The city’s sewer system isn’t the only contributor to the local stench problem. But it’s one of them.
And this month officials with the Louisville Metropolitan Sewer District are hosting two meetings to update residents on efforts to tame the stench.
The Kentucky Center for Investigative Reporting and LPM News have covered the city’s frustrating fetor for years. Last year, resident complaints to the city’s Air Pollution Control District hit a six-year high. The complaints described smells like acetone, rotten eggs, burnt hair and dead bodies.
In 2023, more than half of the complaints submitted to the APCD came from the neighborhoods in and around the city's predominately Black West End.
The gross smells people experience come from multiple sources, with the sewer system managed by MSD and other industrial operations as major causes.
MSD officials are making improvements as part of an agreement with the APCD, which regulates air quality issues.
One big project has been to replace catch basins on neighborhood streets.
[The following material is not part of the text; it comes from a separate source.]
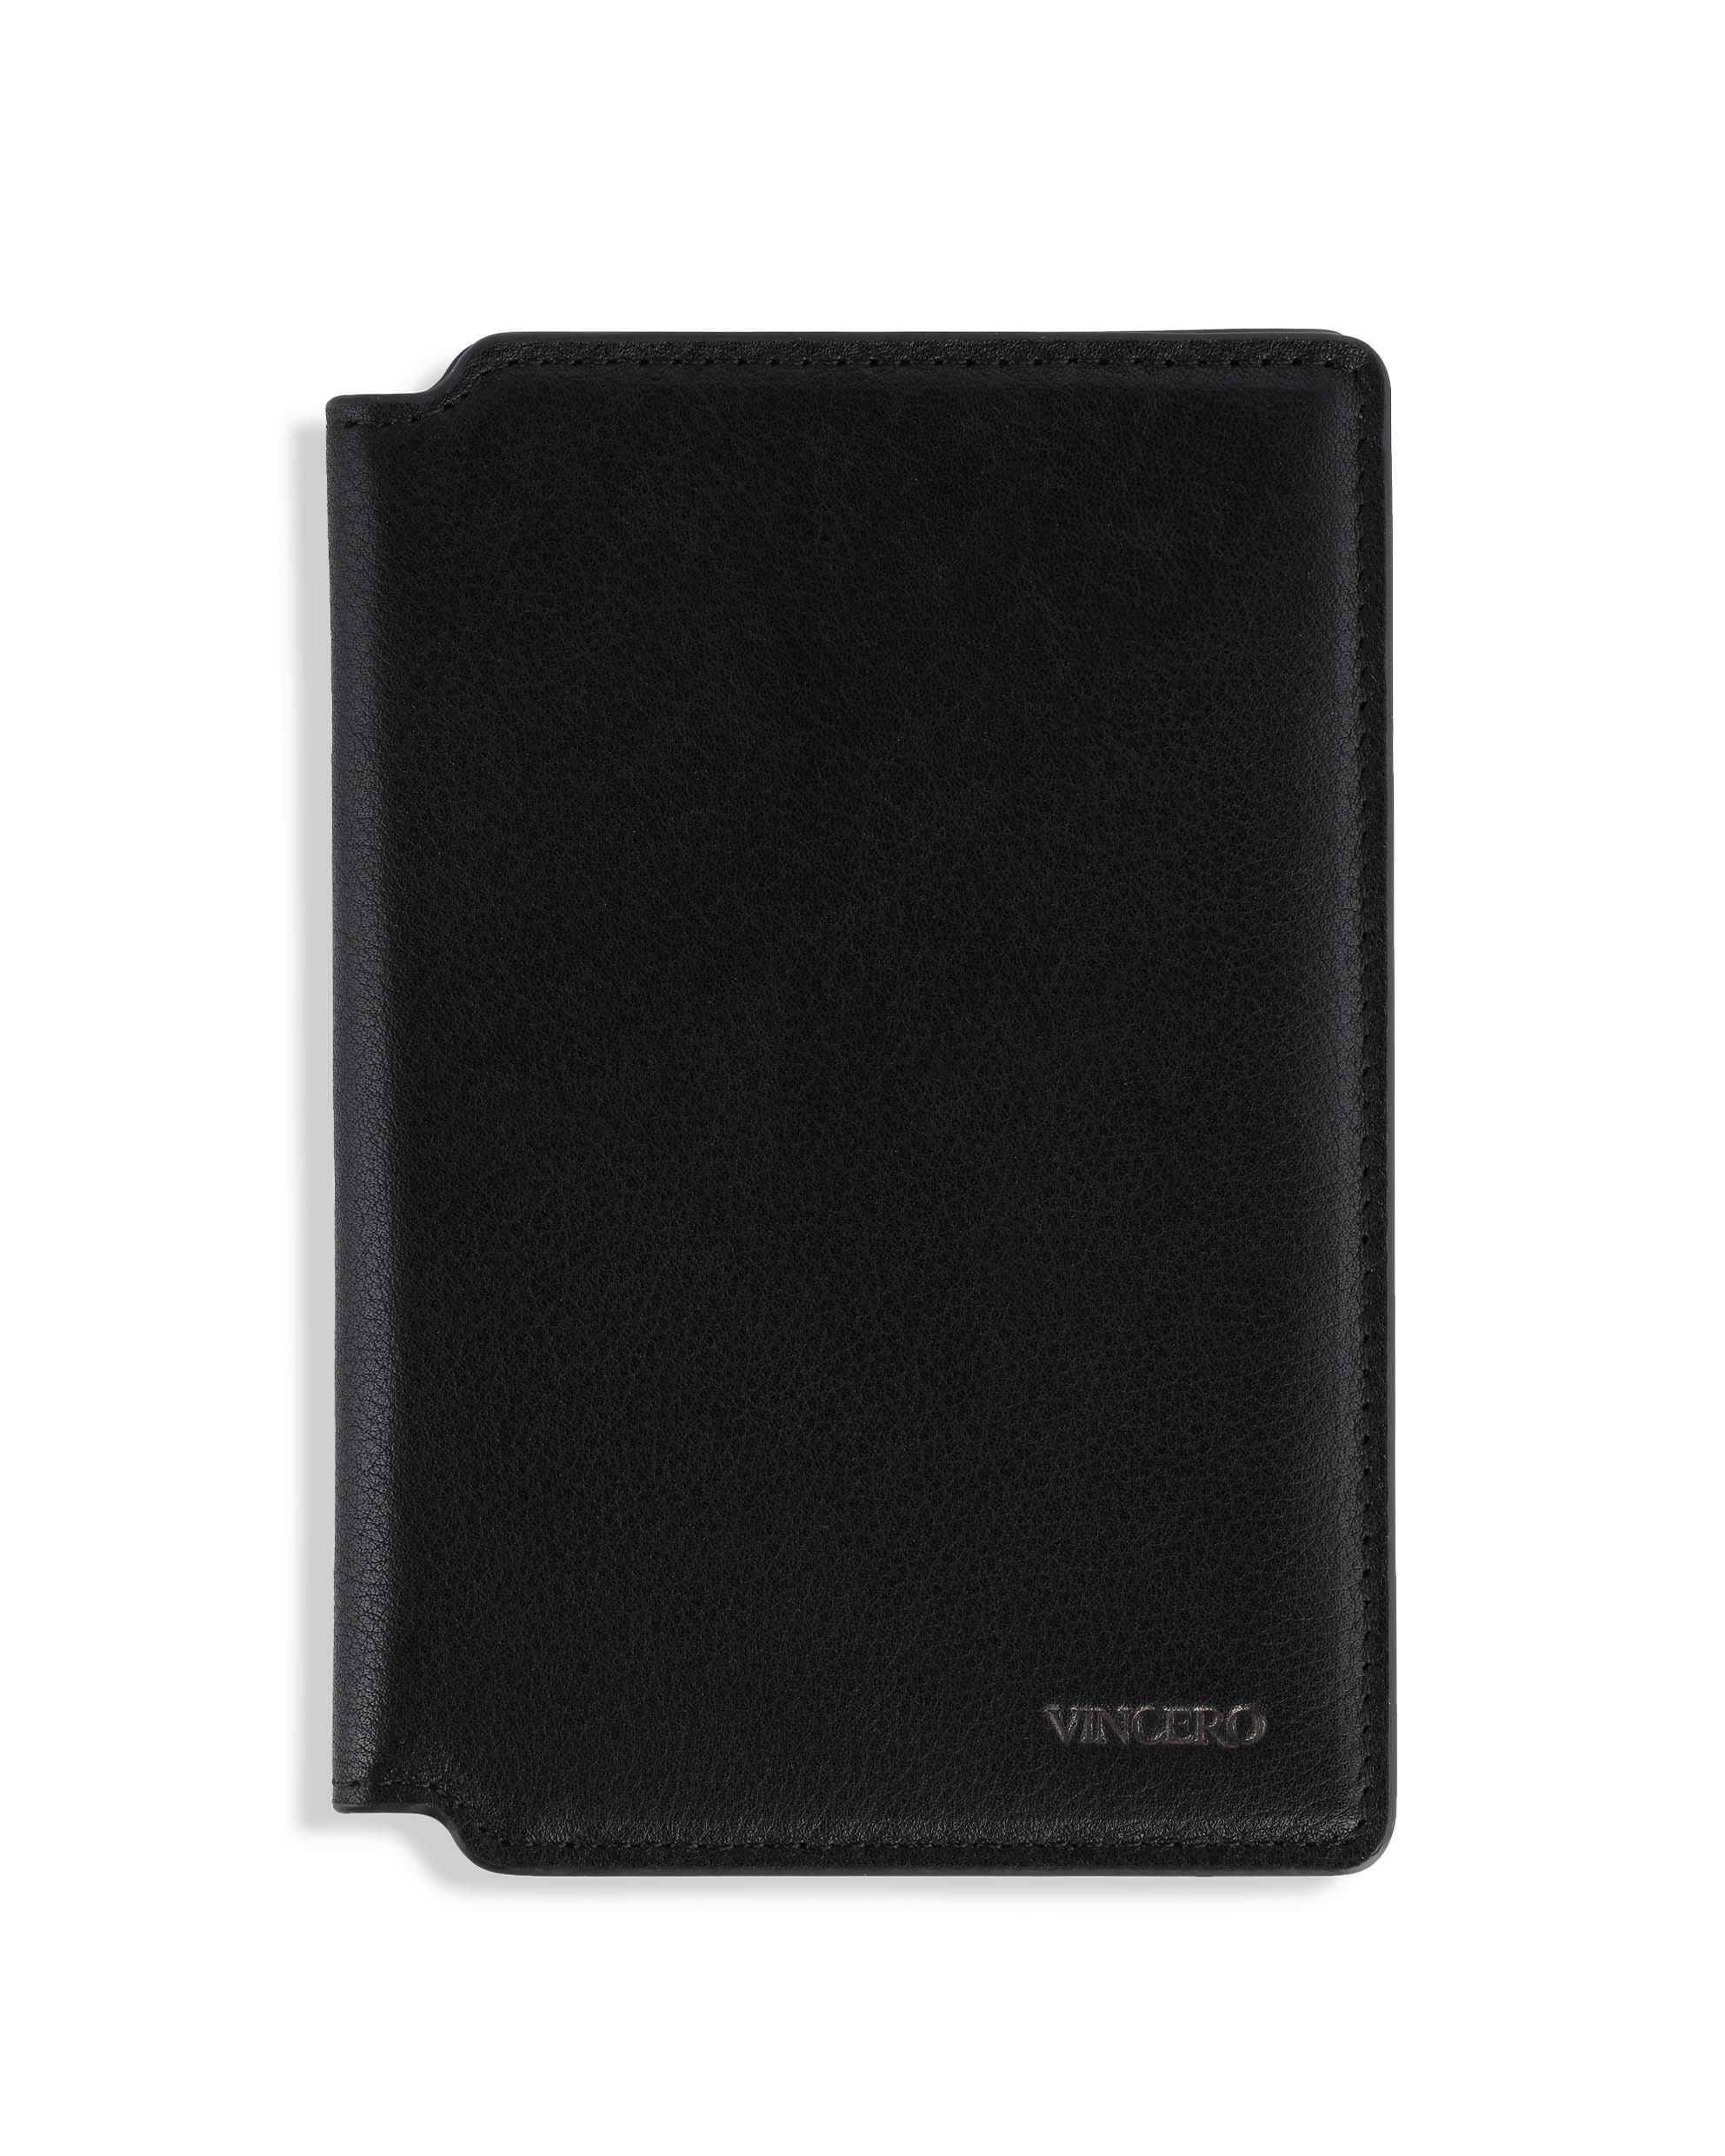 The Passport Wallet - Black, Vincero Watches

The catch basins are covered by metal grates and are supposed to trap smells belowground.
Earlier this year, Tony Parrott, the executive director of Louisville’s Metropolitan Sewer District, said the agency has about $7 million worth of catch basin projects in the pipeline.
He said odor complaints “reduced dramatically” after crews replaced about 20 catch basins in the Park DuValle neighborhood last year.
MSD officials identified more than 200 basins to replace in Shawnee and California.
Residents can get an update on this work and ask questions at MSD’s upcoming meetings.
The first one is Tuesday at 6 p.m. at MSD’s 1600 West Hill Street office
The next is October 30, same time and location.